No necesitan ser lineales de una canción a otra. El grupo pasa de un clima pop a una cita disco. Los cortes son abruptos pero todo fluye igual que los días y las horas. Nunca son lo mismo. Los tonos de luces cambian y las referencias musicales de la banda también. Parecen autobiográficos en «Tormento», donde cantan orgullosos: «Me verás surgir y caer». El tema parece adecuado para este «resurgimiento» del grupo con su último disco. Dárgelos sigue con «El colmo», que suena a profecía y agradecimiento. «Canción llévame lejos. Quiero ser el murmullo de alguna ciudad que no sepa quién soy». El fin del primer acto termina con «La lanza», radiografía de una ruptura.

Fuente: Chule Valerga/Infobae

SEGUNDO ACTO

Abren con el sonido progresivo de «Adiós en Pompeya» de Discutible: una densa obra psicodélica, con guitarras distorsionadas. Las voces suenan en falsete como el tono épico del rock de los setenta. Hay un poder valvular en el sonido del grupo que hace ver a Dárgelos como un príncipe rockero con su capa negra. «Gracias hermanas y hermanos por compartir esta era discutible con nosotros», dice en plan de pastor evangélico el cantante.

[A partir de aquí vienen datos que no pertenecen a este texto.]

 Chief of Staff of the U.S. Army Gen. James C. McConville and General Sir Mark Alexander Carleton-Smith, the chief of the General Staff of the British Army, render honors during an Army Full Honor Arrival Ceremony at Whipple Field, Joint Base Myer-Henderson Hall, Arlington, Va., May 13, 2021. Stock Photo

Luego largan con «Trans-algo»: un himno con leimotiv ricotero en el riff de las guitarras, que termina siendo una oda beatle de la diversidad.

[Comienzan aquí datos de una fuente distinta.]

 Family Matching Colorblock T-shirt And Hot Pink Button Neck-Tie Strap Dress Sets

El recorrido por discos como Discutible, Jessico, Miami, Romantisísmico, les permite hacer un salto en el bucle del tiempo para apropiarse, en el presente, de una canción del pasado como «Sobre la hierba» de 1992. Va dedicada a los seguidores de la primera hora. Si en el primer acto la puesta de luces comandaba las escenas, en el segundo unas telas oscuras de formas cónicas le dan un aire mas dramático y teatral a las situaciones musicales. El escenario mutante, como lo habían bautizado, en realidad parece despojado, con una gran pantalla horizontal de fondo, que pone de relieve a la banda. En canciones como «Desfachatados» y «Pendejos», los Babasónicos suenan con la despreocupación de una banda indie y garagera y se muestran realmente frescos y vitales.

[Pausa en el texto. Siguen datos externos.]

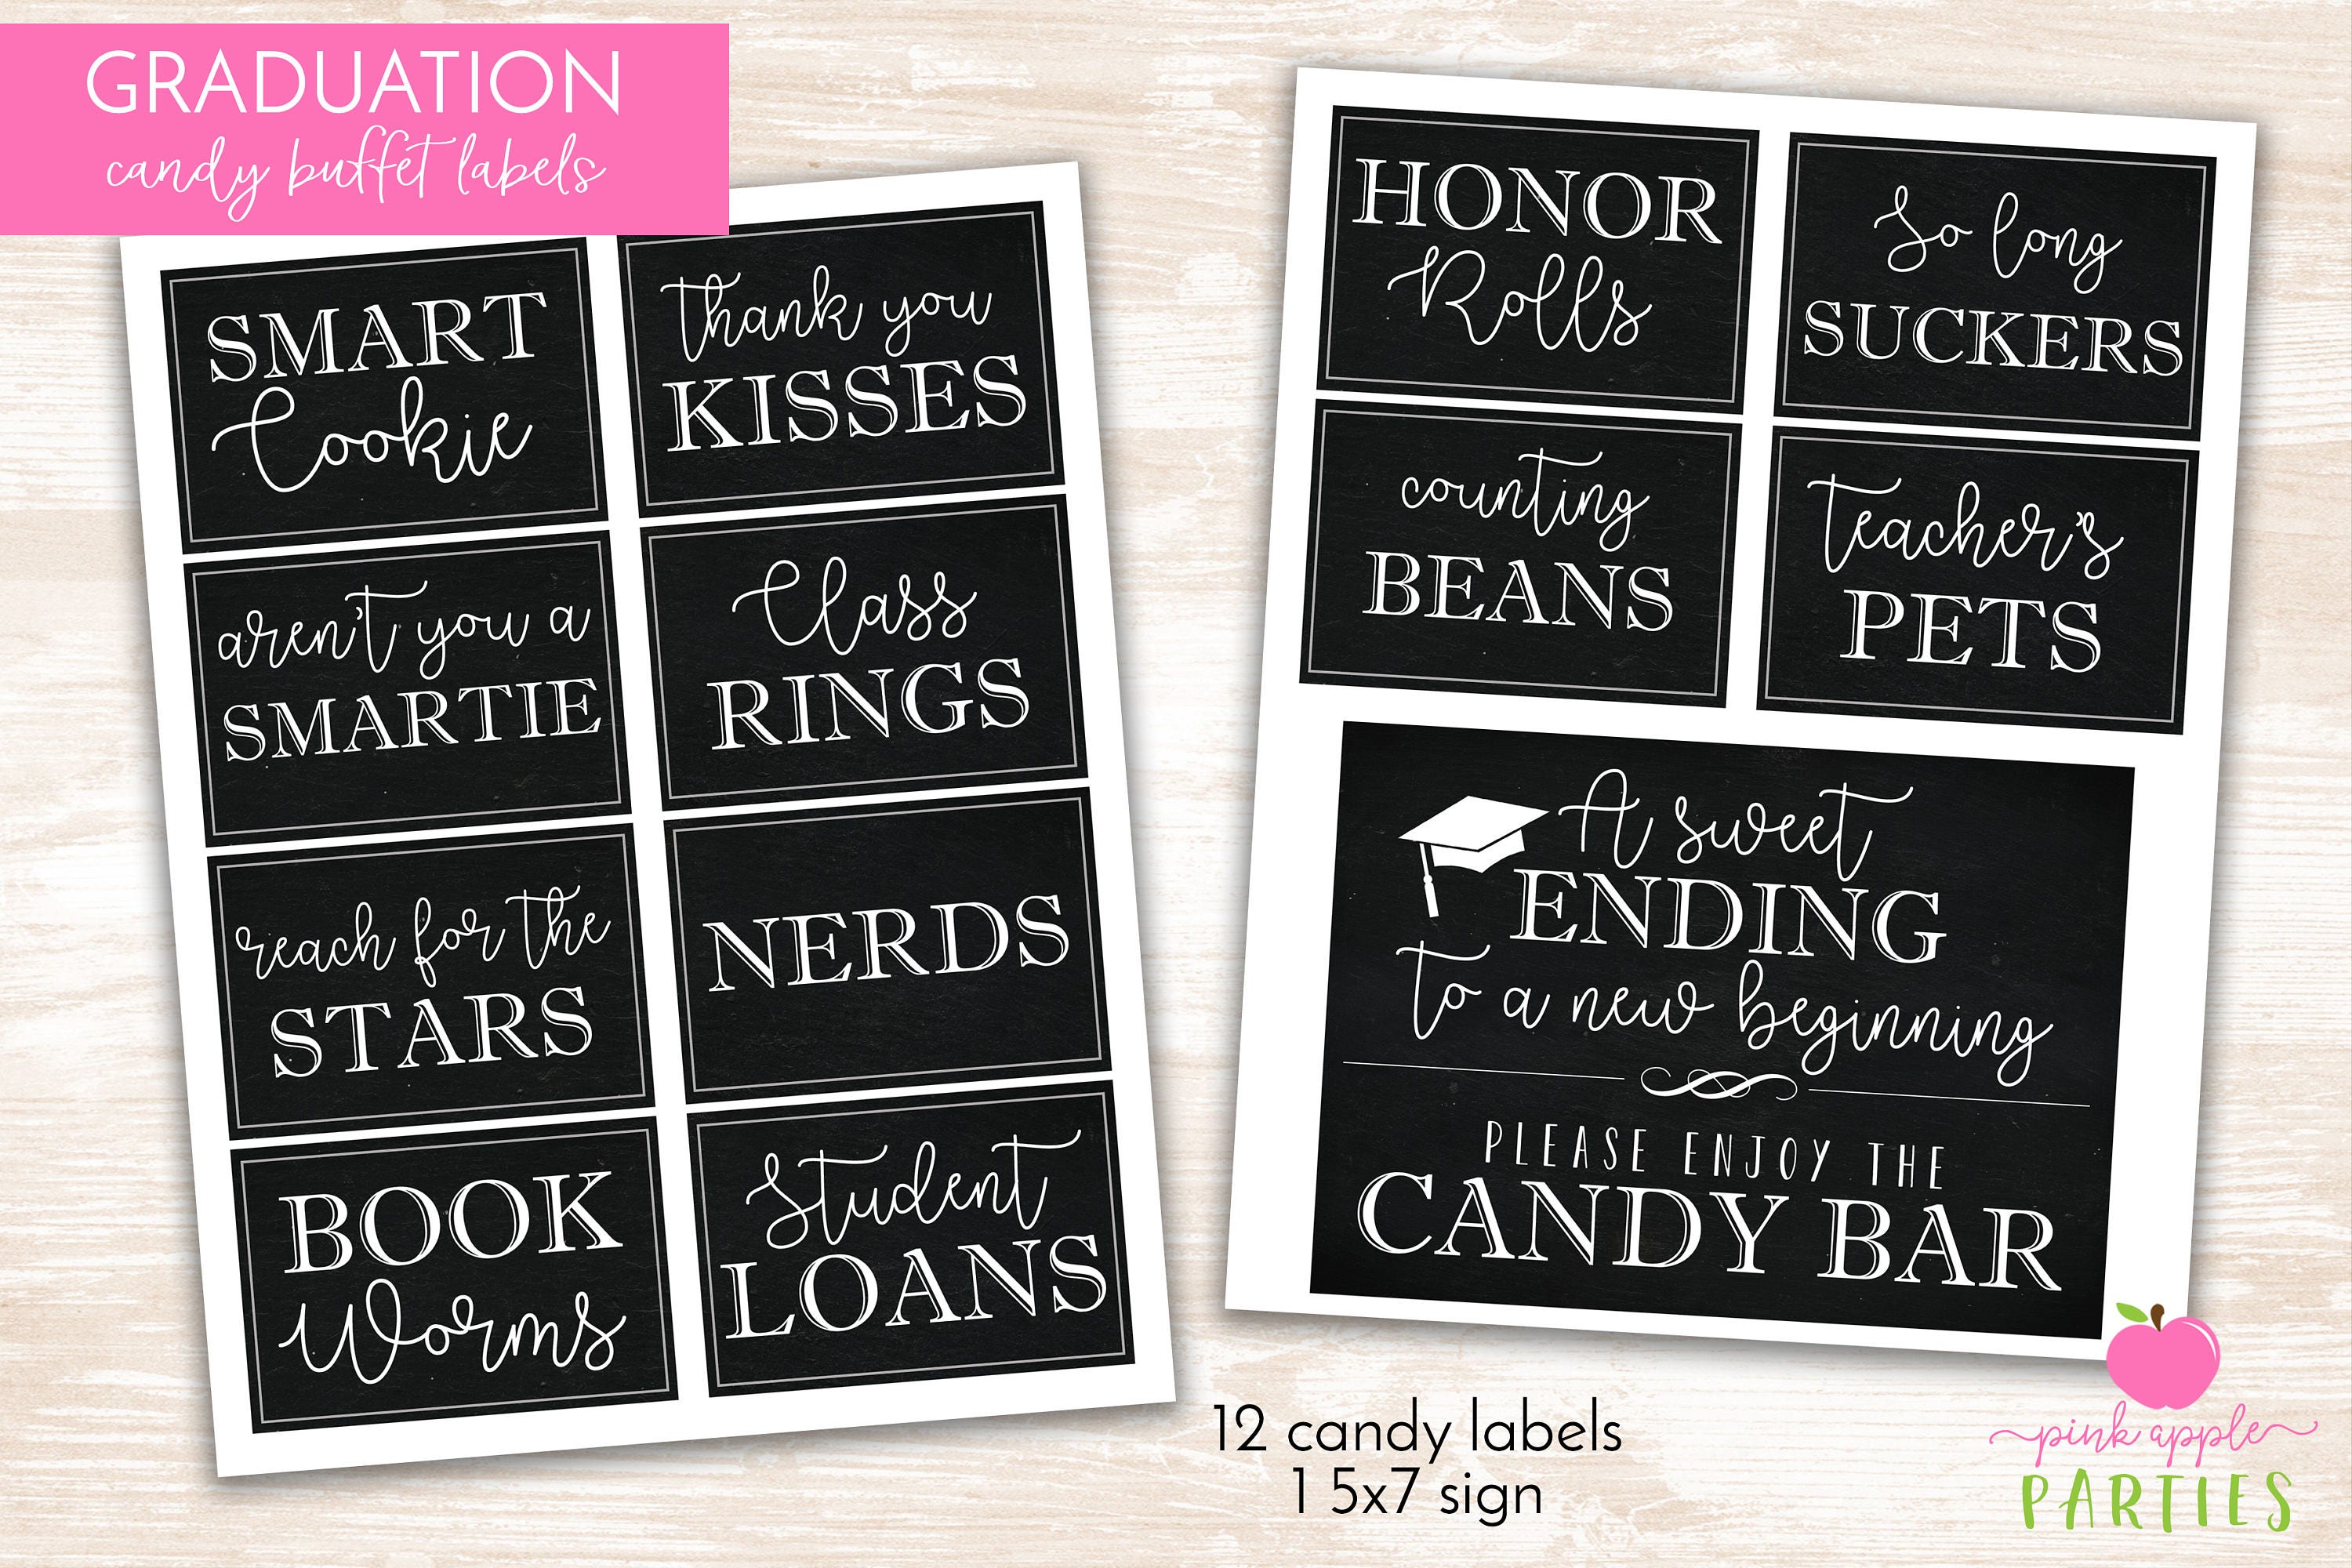 graduation-party-candy-signs-candy-bar-candy-buffet-smartie-cookie

Fuente: Chule Valerga/Infobae

TERCER ACTO

La caprichosa «Teóricos», que abre la última parte del show, parece una pieza menor con respecto a «La Pregunta», la gran canción de su último disco y de la noche. Los arreglos vocales. La manera de encontrarle el pulso a esta época resuena en esos miles de seguidores arengados por la canción. Lo que sigue es un recorrido por temas infalibles de su repertorio: «Y qué», «Putita» y «Los burócratas del amor», donde Dárgelos se pregunta: «¿Cuánto vale ese rato?». Los que están en el campo Fan habían pagado dos mil pesos aunque el momento parece impagable para ellos cuando hace «Risa» de Infame. «Hoy la alegría llegó, sé que no durará para siempre», insiste Dárgelos. El momento es lo único que importa. La dupla de canciones de «Carismático» y «Yegua», suenan como himnos catárticos de incorrección bailable y esos giros que los hicieron tan populares.

BIS

«Quiero que lo den todo», le dice Dárgelos a esa masa de gente, que contempla a la banda en plenitud. La arenga es festivalera. El grupo termina arriba con el sonido rockero de «Cuello rojo» y «El maestro». Atrás y en la previa habían quedado las excusas del concepto para hacer uno de sus shows más grandes este año, en una temporada para la música con más cuestionamientos que respuestas. Para sus seguidores quizás haya sido otro momento vivido junto a su banda favorita. Para los Babasónicos, este concierto fue otra jugada de avanzada, como su último disco y la canción «La pregunta». El concierto fue un buen termómetro de su presente. Siguen sonando provocadores. Siguen siendo la gran bestia pop. El futuro es una incógnita y hoy no importa.